Your instructions:
The copy you return must match the listing word for word and carry no pictures.

Data block:
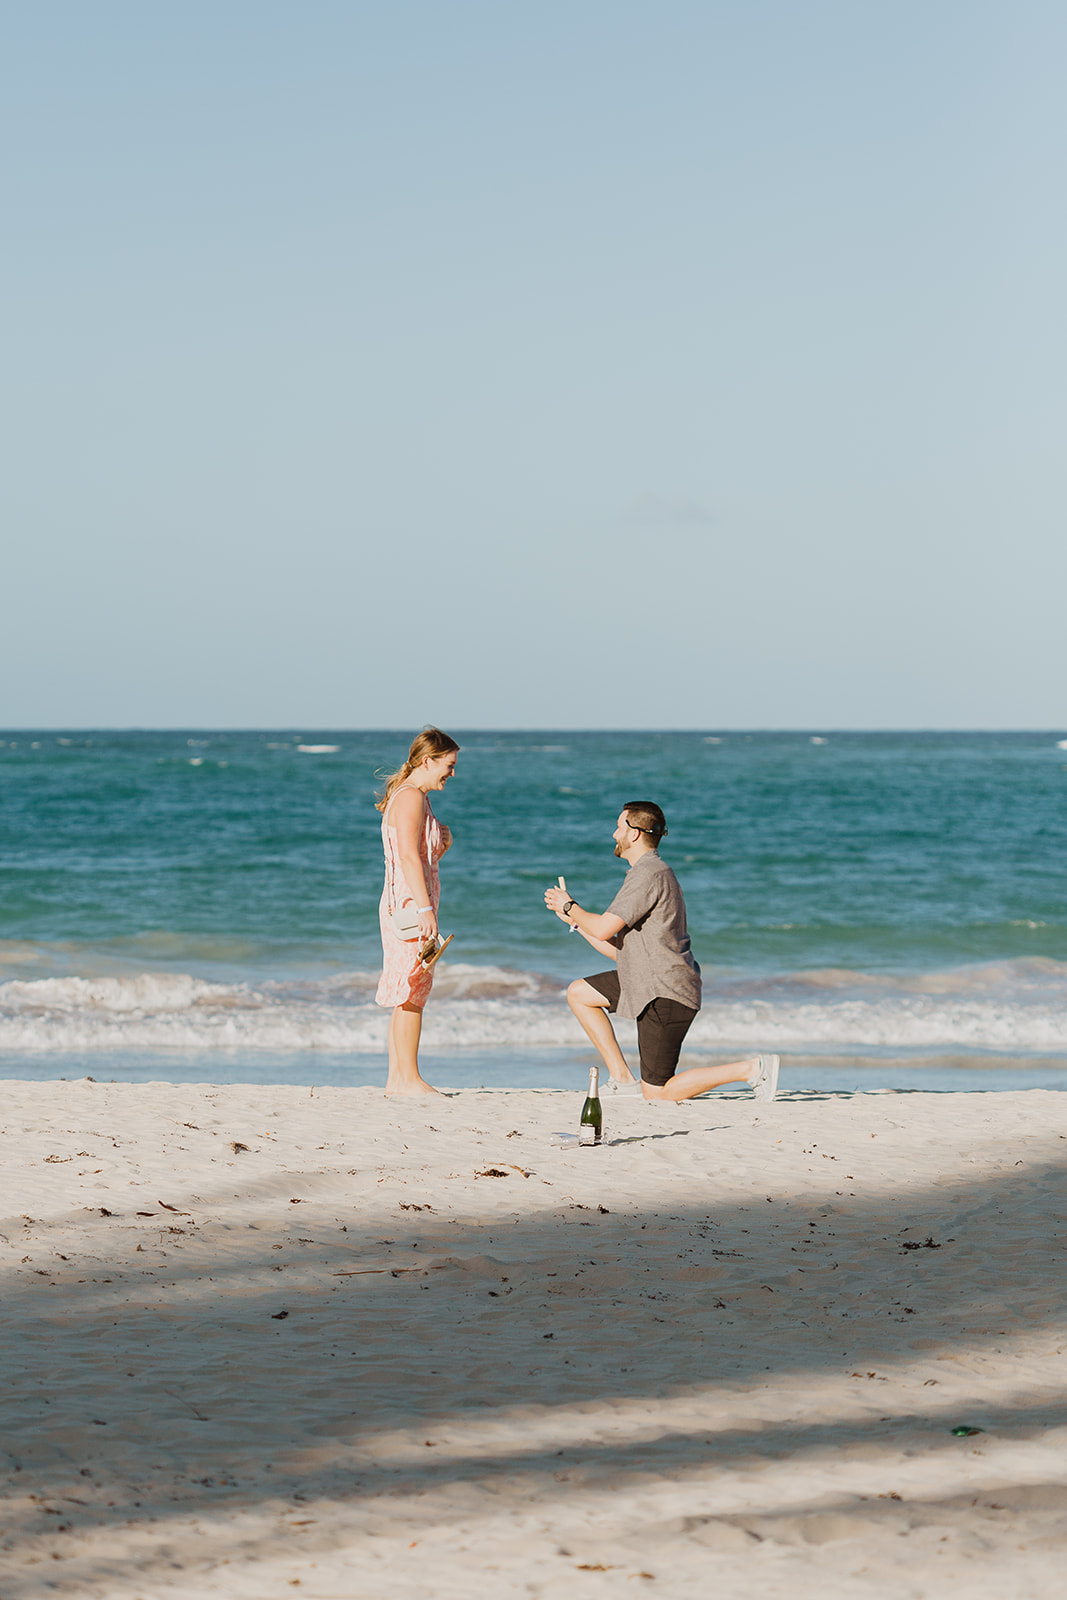 The moment of the proposal on the beach near the surf in Punta Cana Dominican Republic
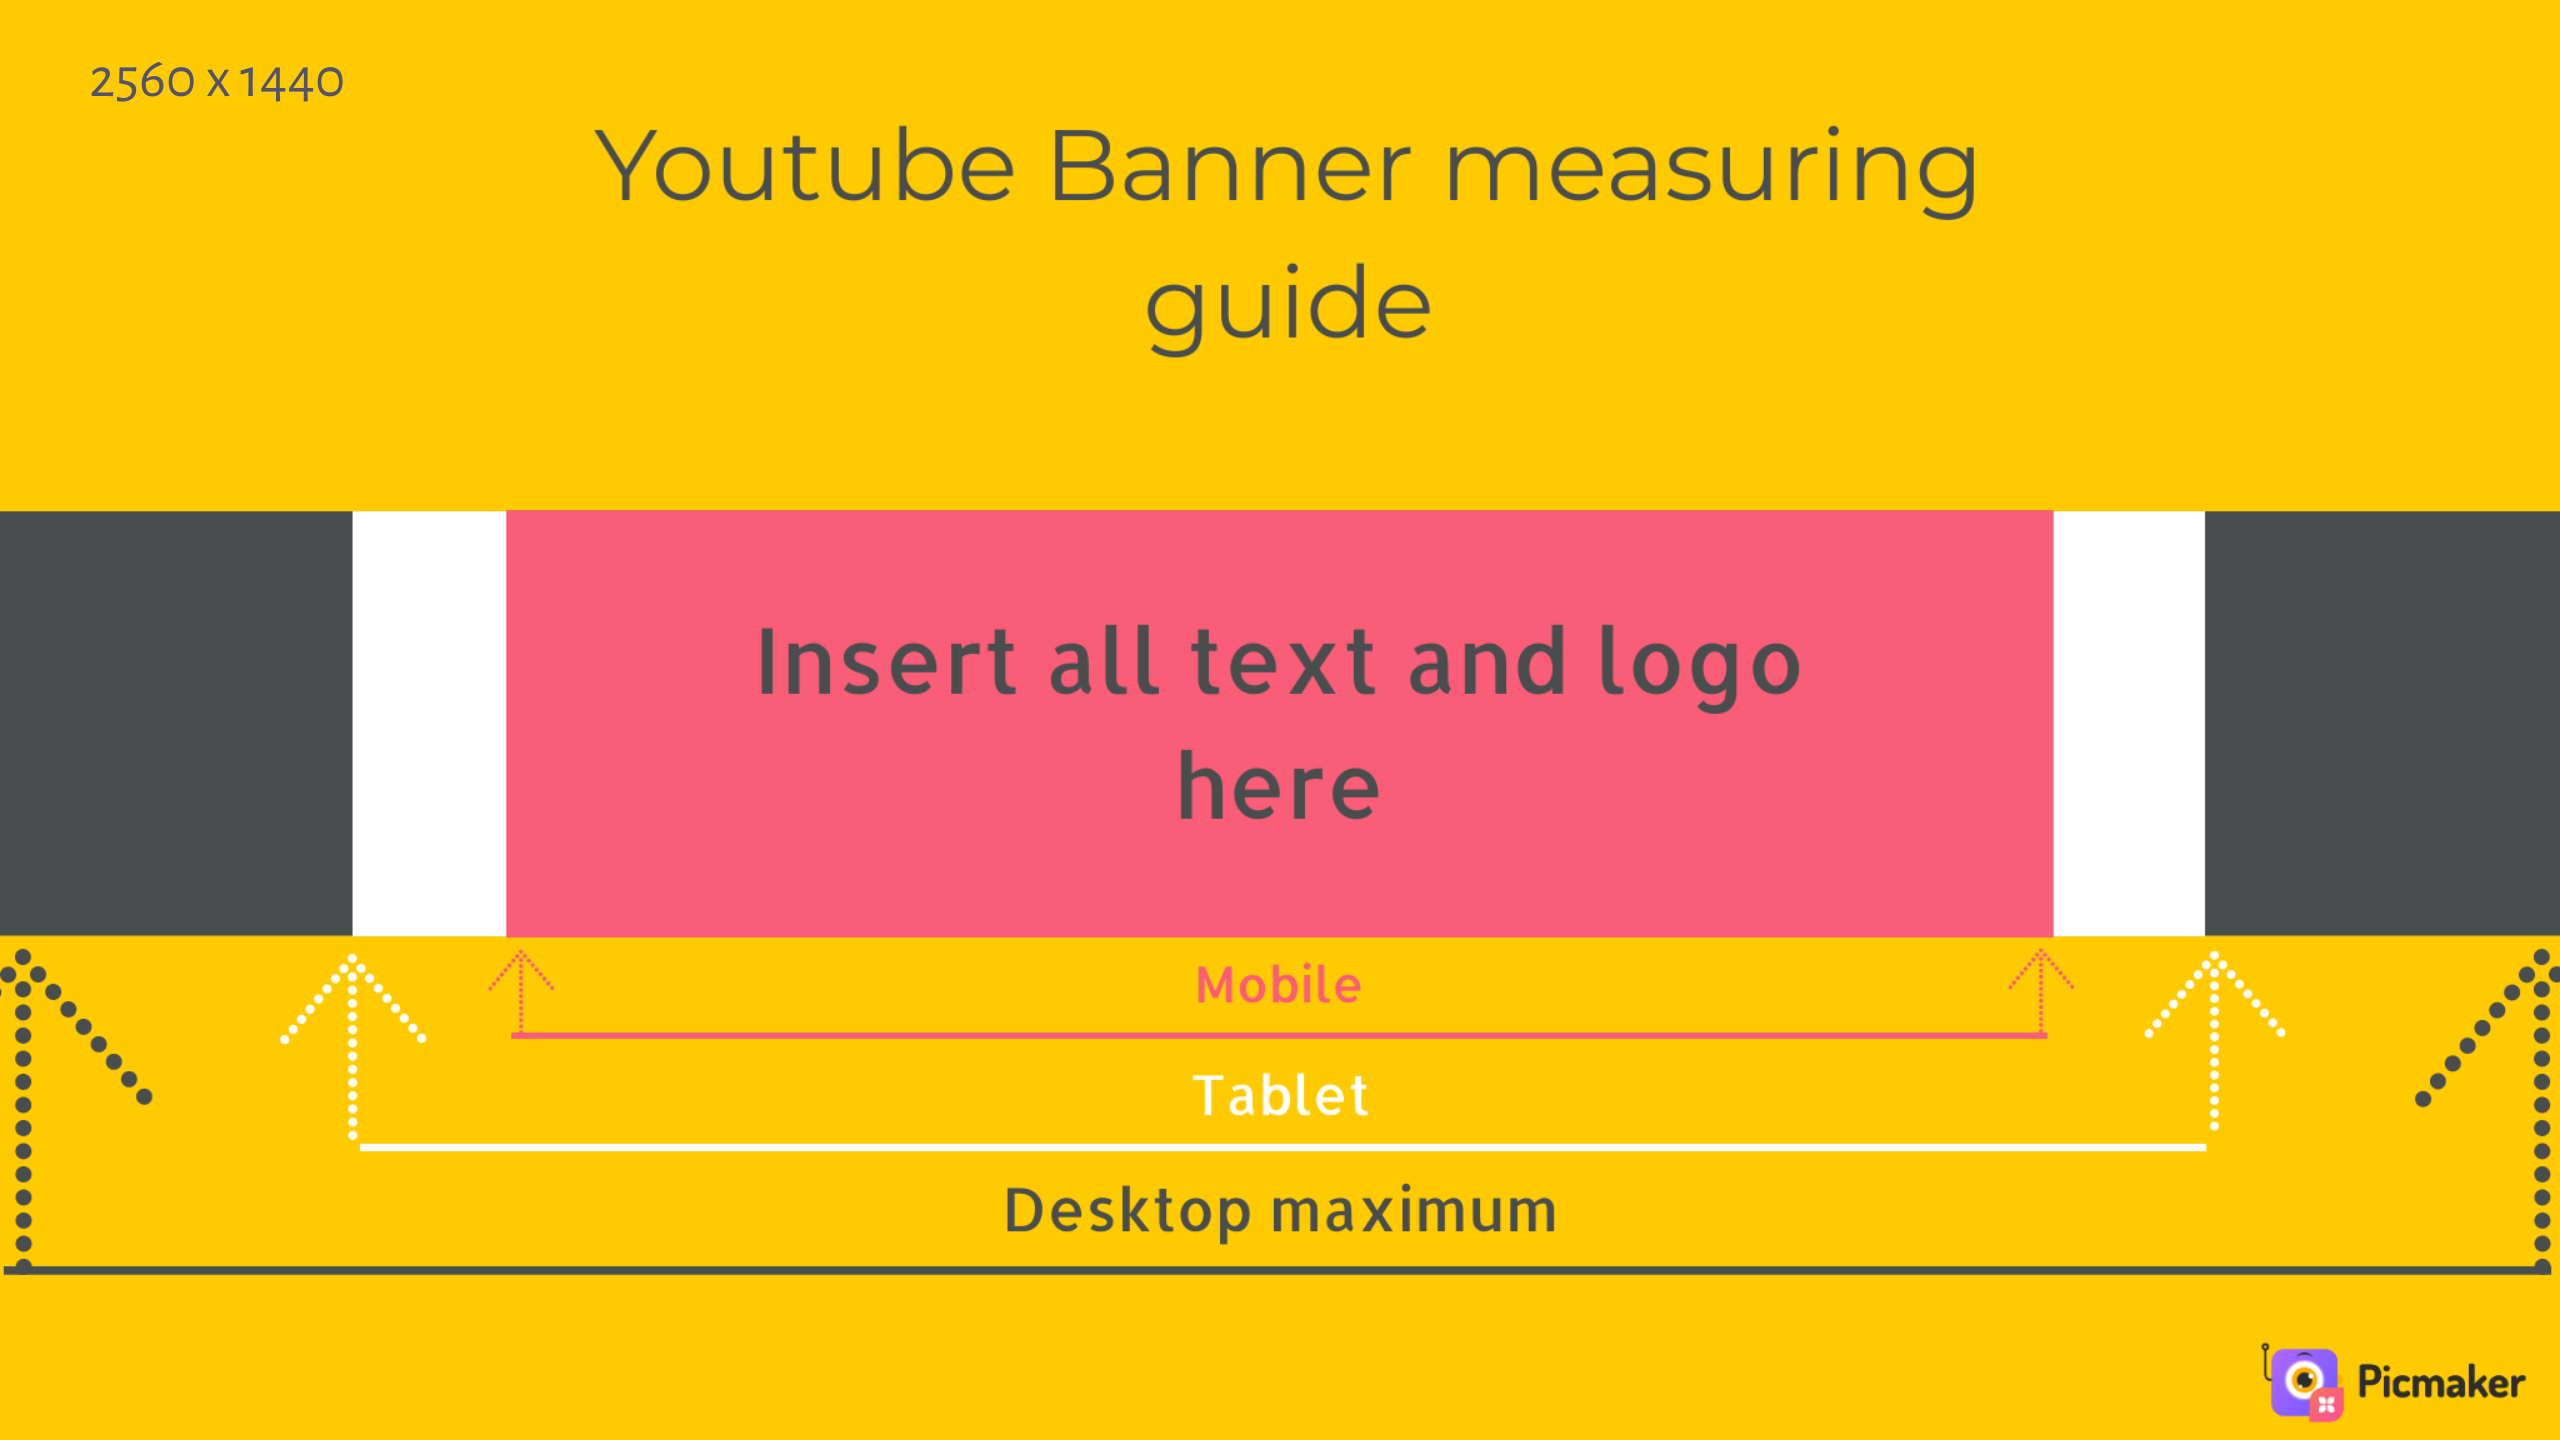 YouTube channel art 2560 x 1440 measurement template - Picmaker
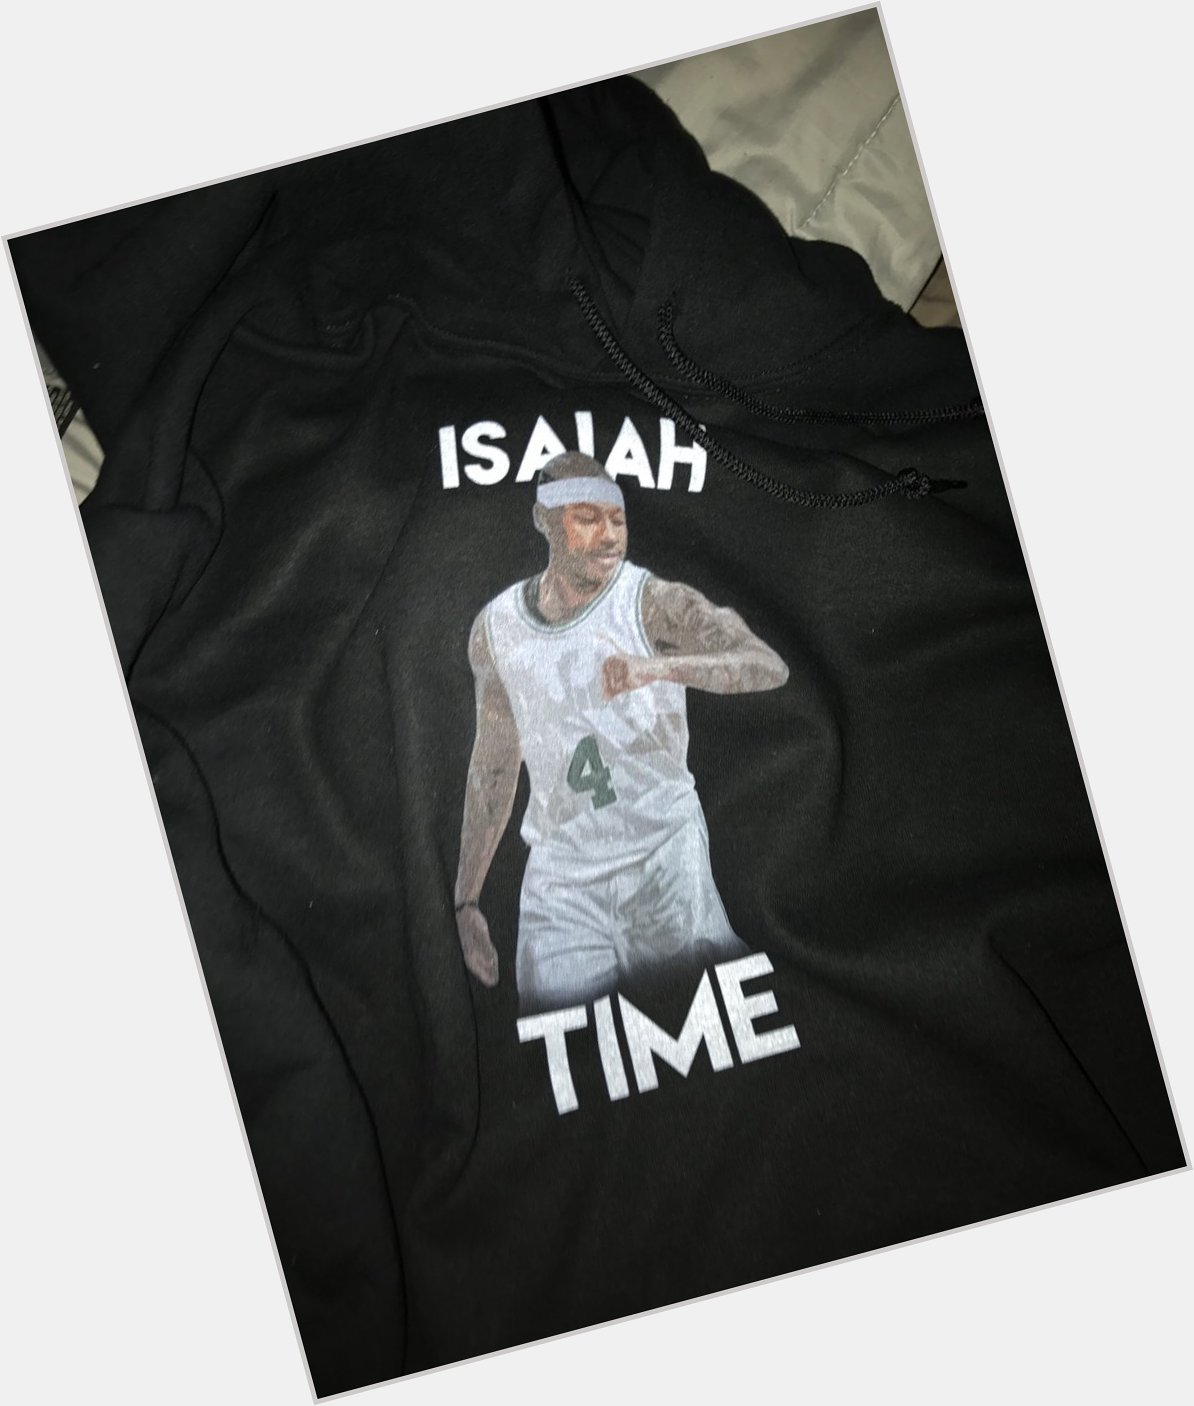 Had to cop the I.T. time sweater! Happy birthday to a Celtic great keep leadin us

Solution to this task:
 The moment of the proposal on the beach near the surf in Punta Cana Dominican Republic
 YouTube channel art 2560 x 1440 measurement template - Picmaker
 Had to cop the I.T. time sweater! Happy birthday to a Celtic great keep leadin us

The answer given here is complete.